> _RAW DATA_
◆ ◆ ◆

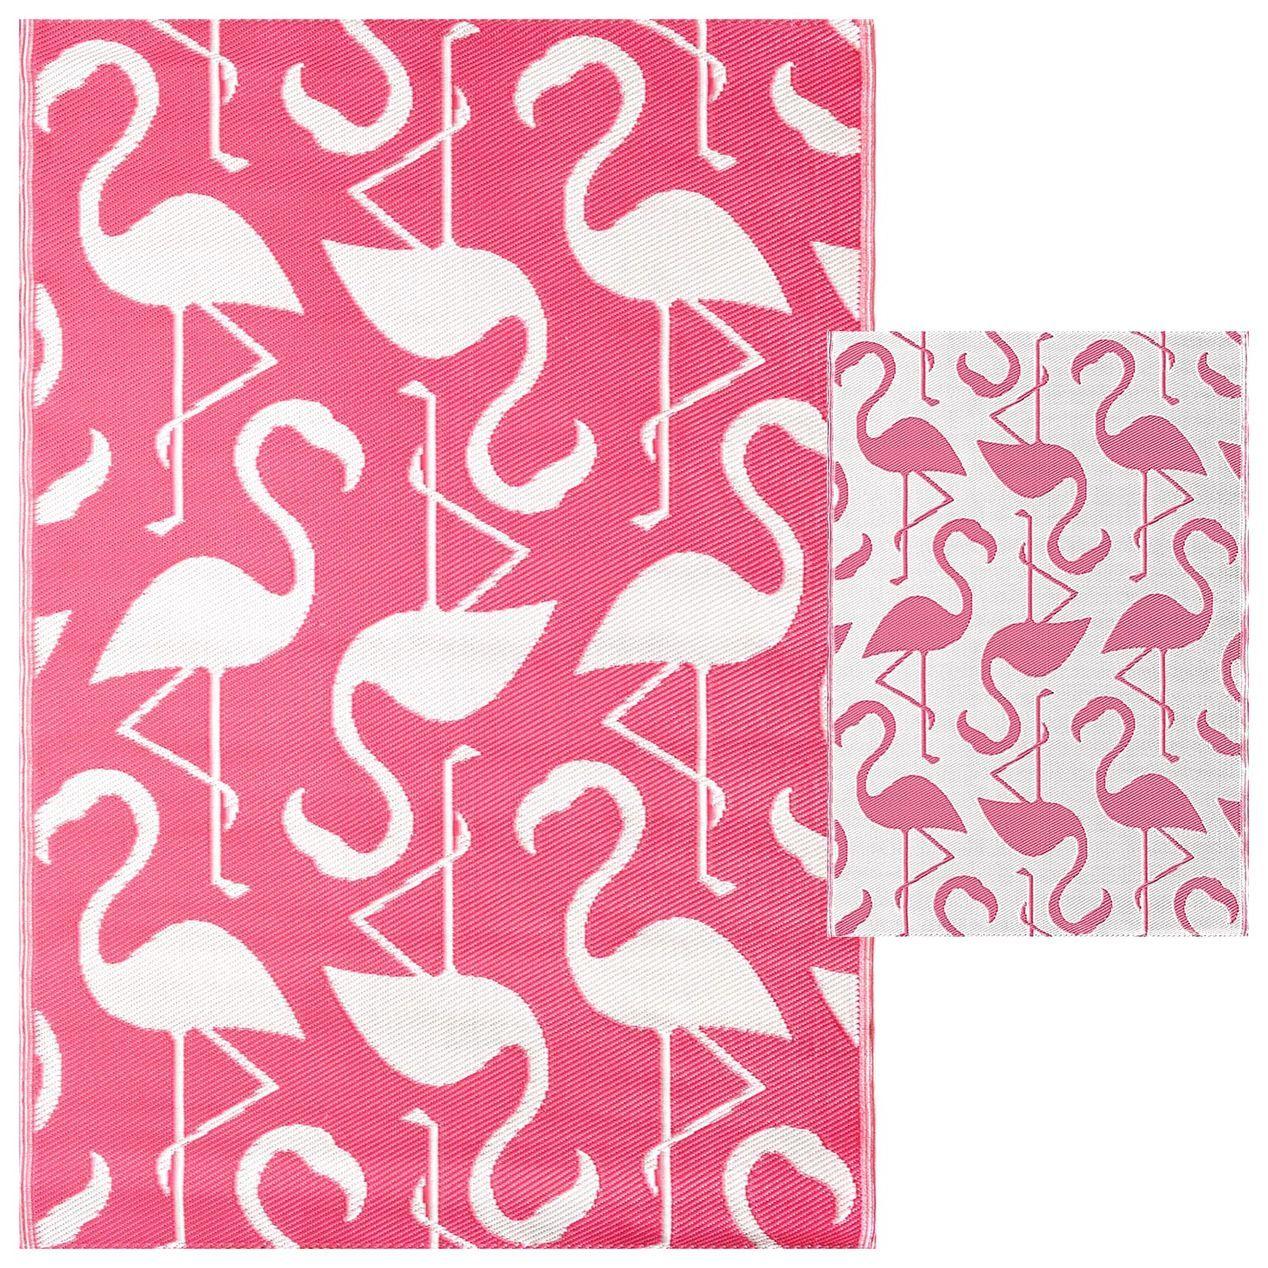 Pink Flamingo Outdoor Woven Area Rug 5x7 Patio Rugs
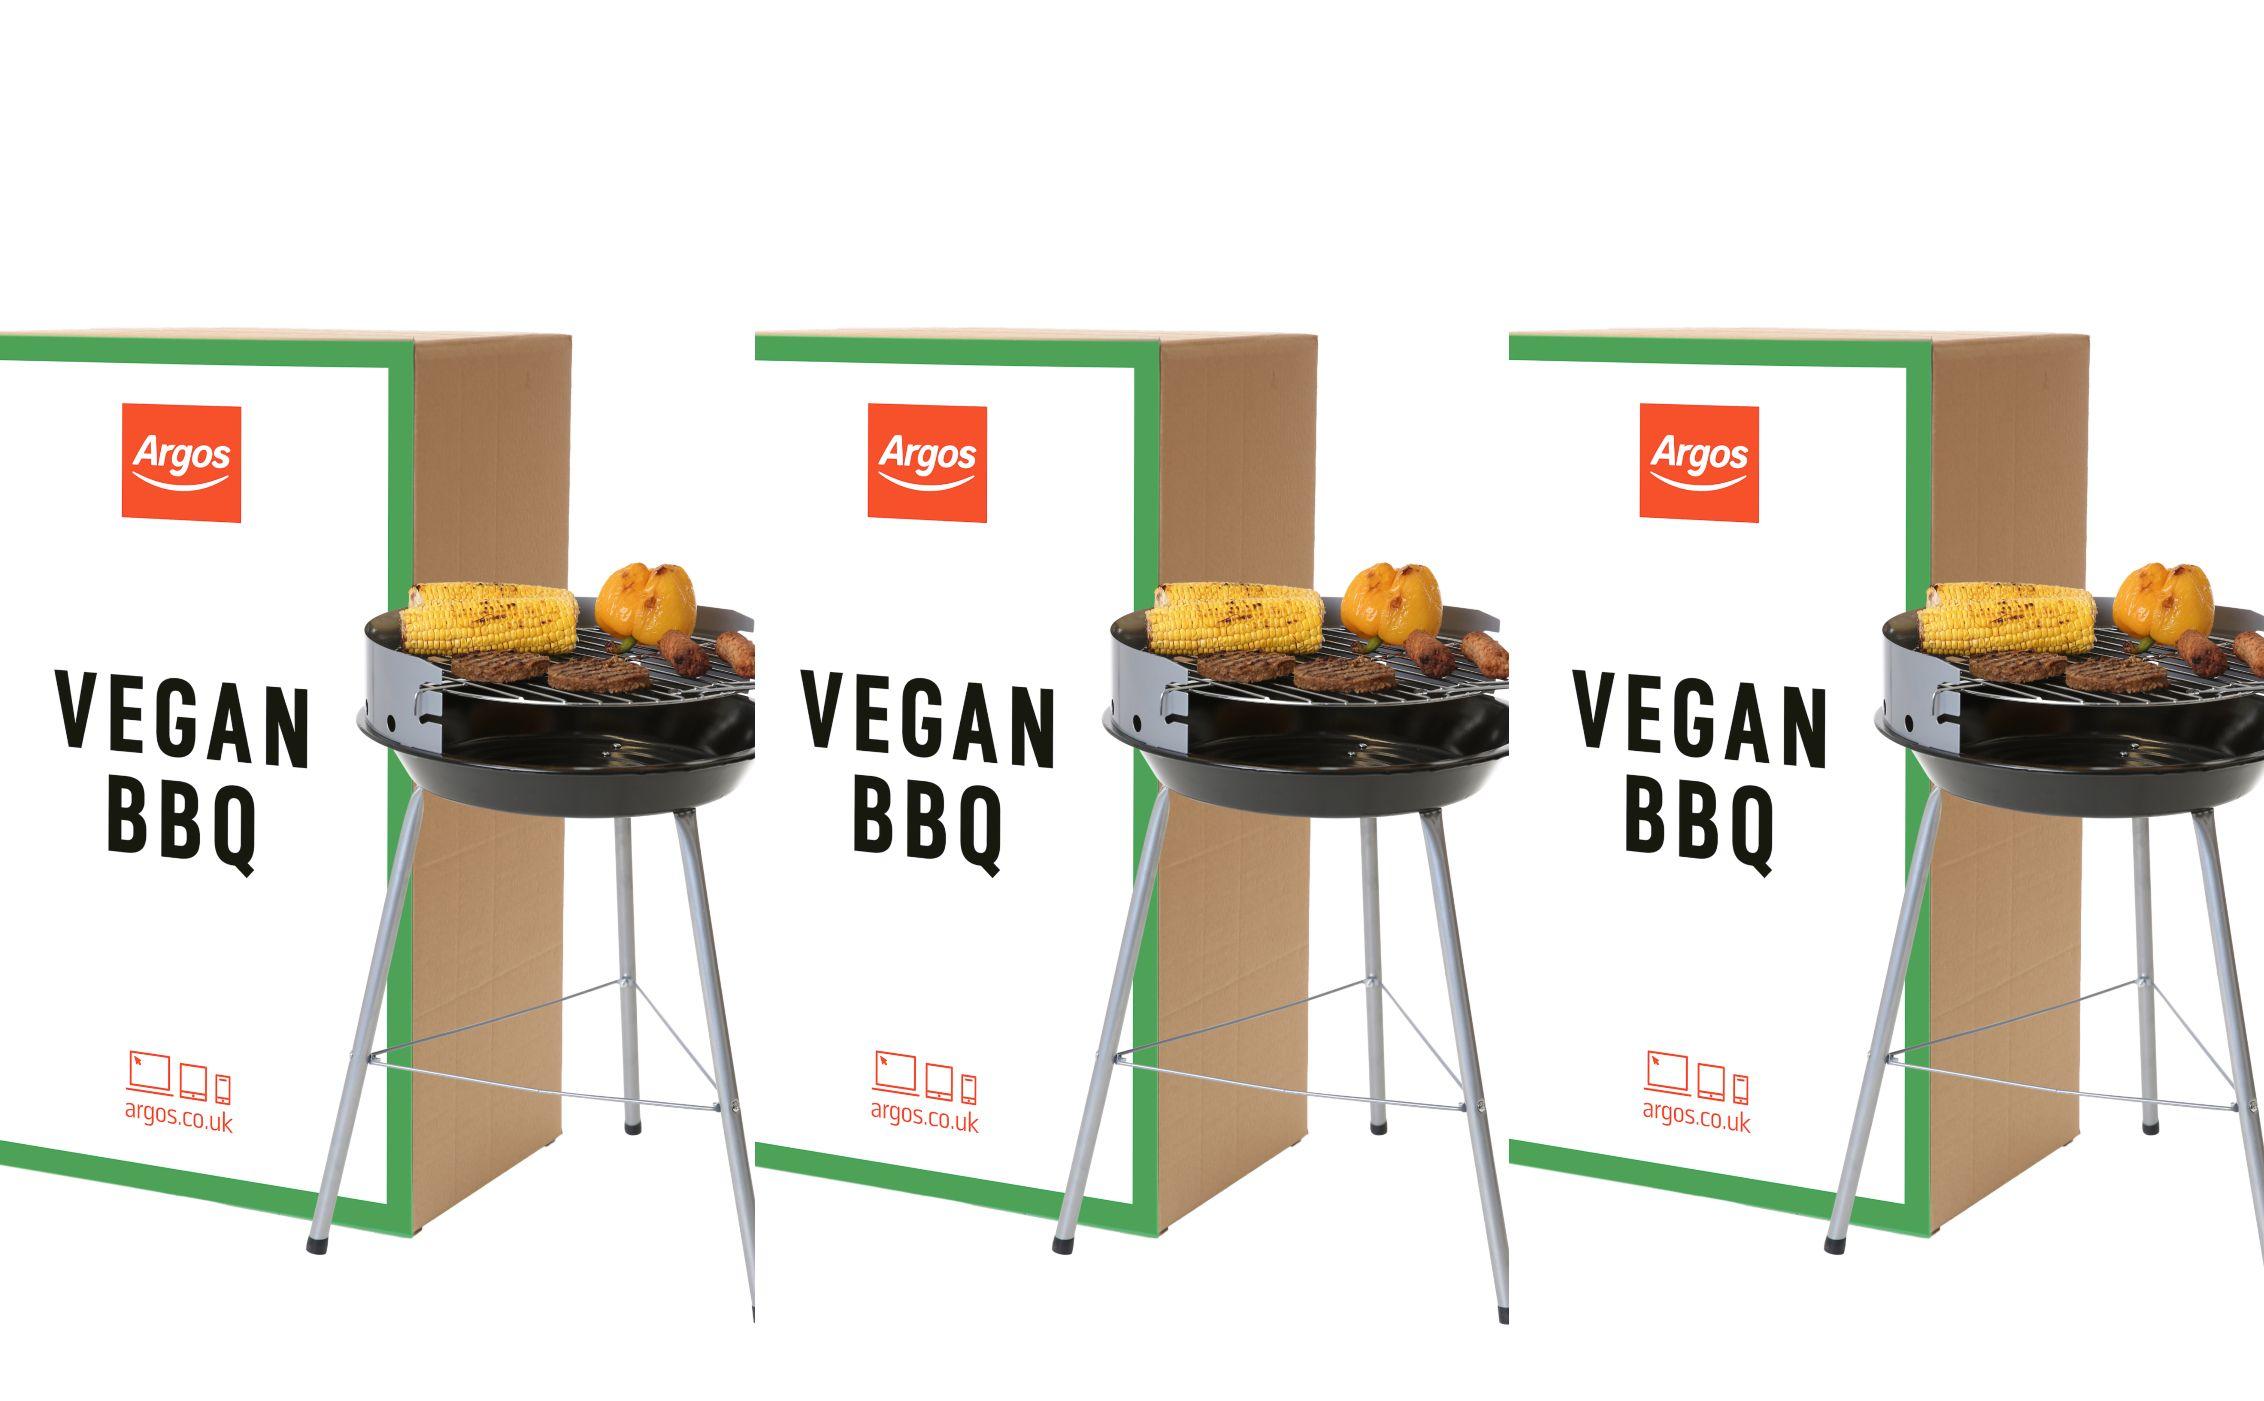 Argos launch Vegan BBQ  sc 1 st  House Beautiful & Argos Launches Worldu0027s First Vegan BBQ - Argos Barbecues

◆ ◆ ◆

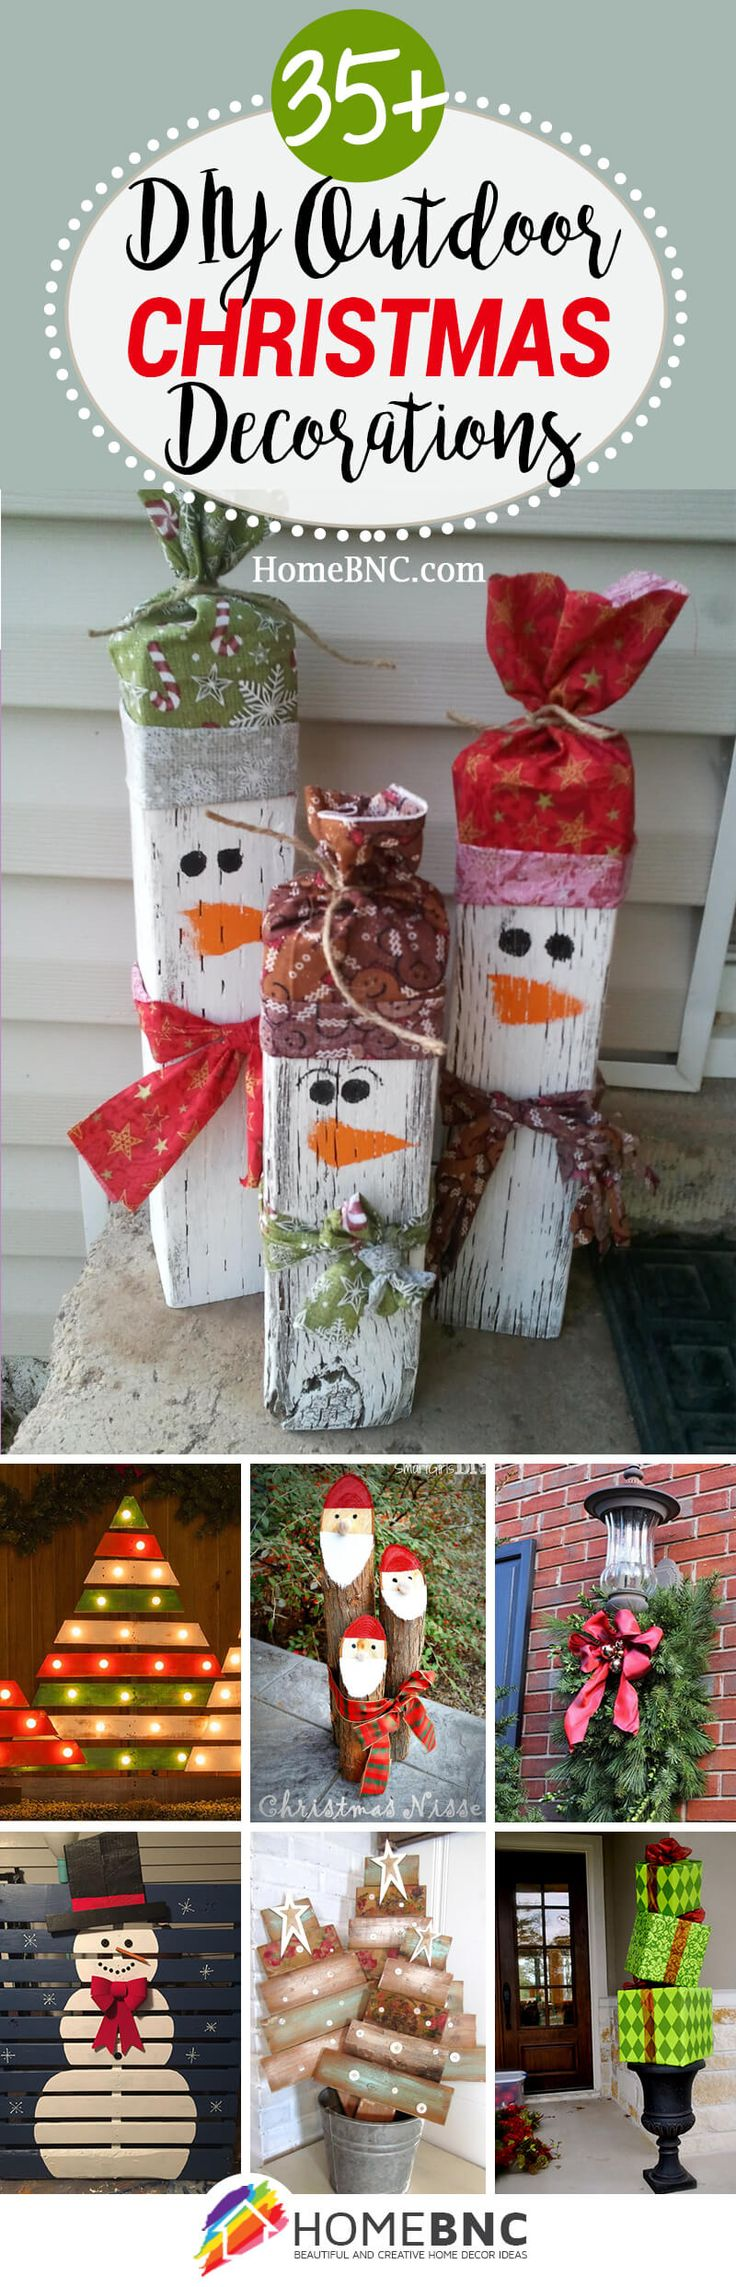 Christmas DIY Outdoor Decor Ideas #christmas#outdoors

◆ ◆ ◆

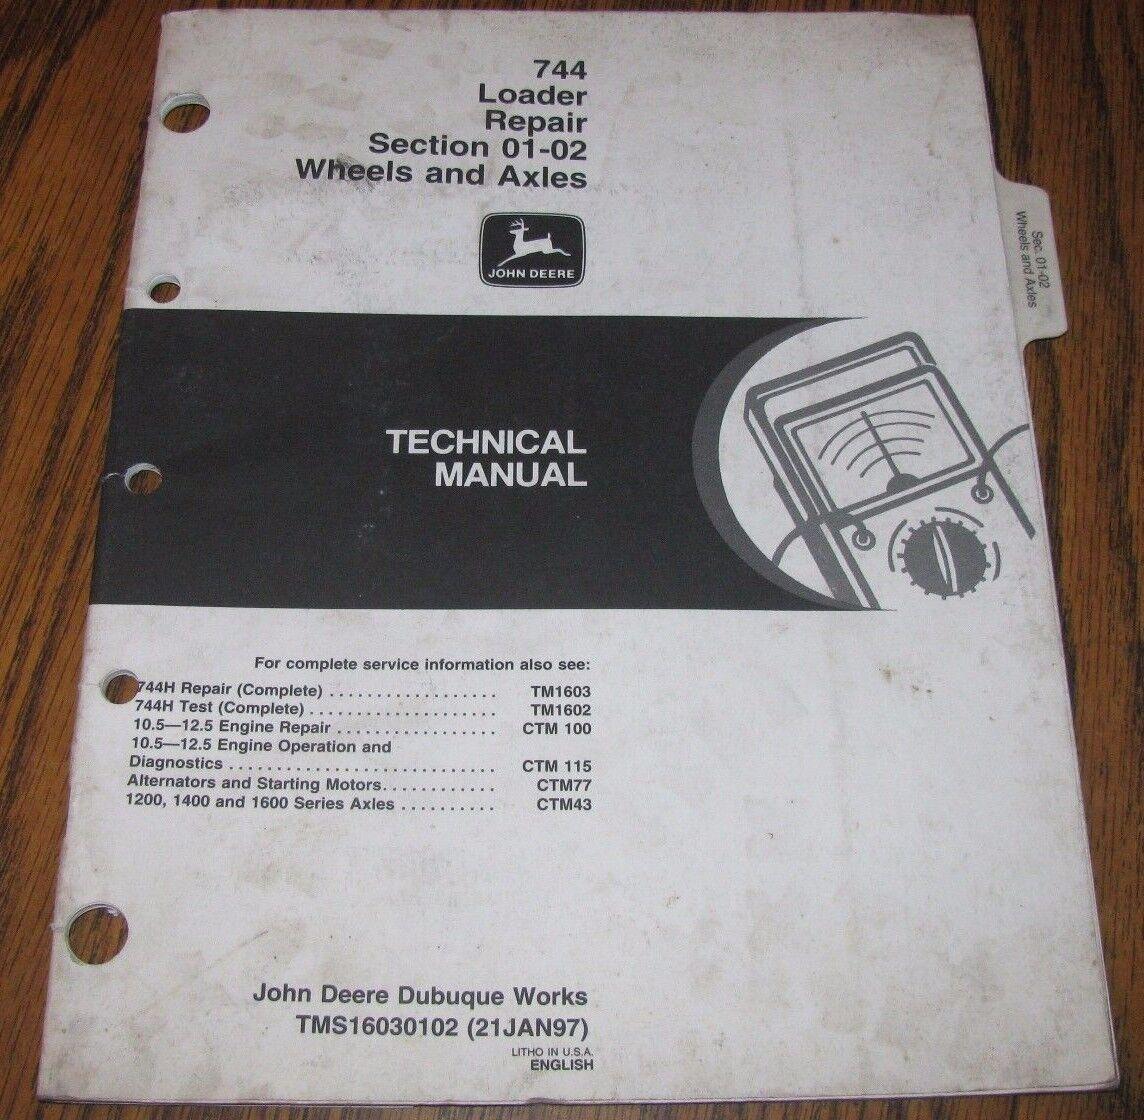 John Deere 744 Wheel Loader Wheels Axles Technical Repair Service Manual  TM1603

◆ ◆ ◆

> _WORK ITEM_
Only one part of the listing is wanted: the lines from the one containing "Pink Flamingo Outdoor" through the one containing "Argos launch Vegan", both included. Please transcribe it exactly, leaving out the pictures.

> _EXERCISE SOLUTION_
 Pink Flamingo Outdoor Woven Area Rug 5x7 Patio Rugs
 Argos launch Vegan BBQ  sc 1 st  House Beautiful & Argos Launches Worldu0027s First Vegan BBQ - Argos Barbecues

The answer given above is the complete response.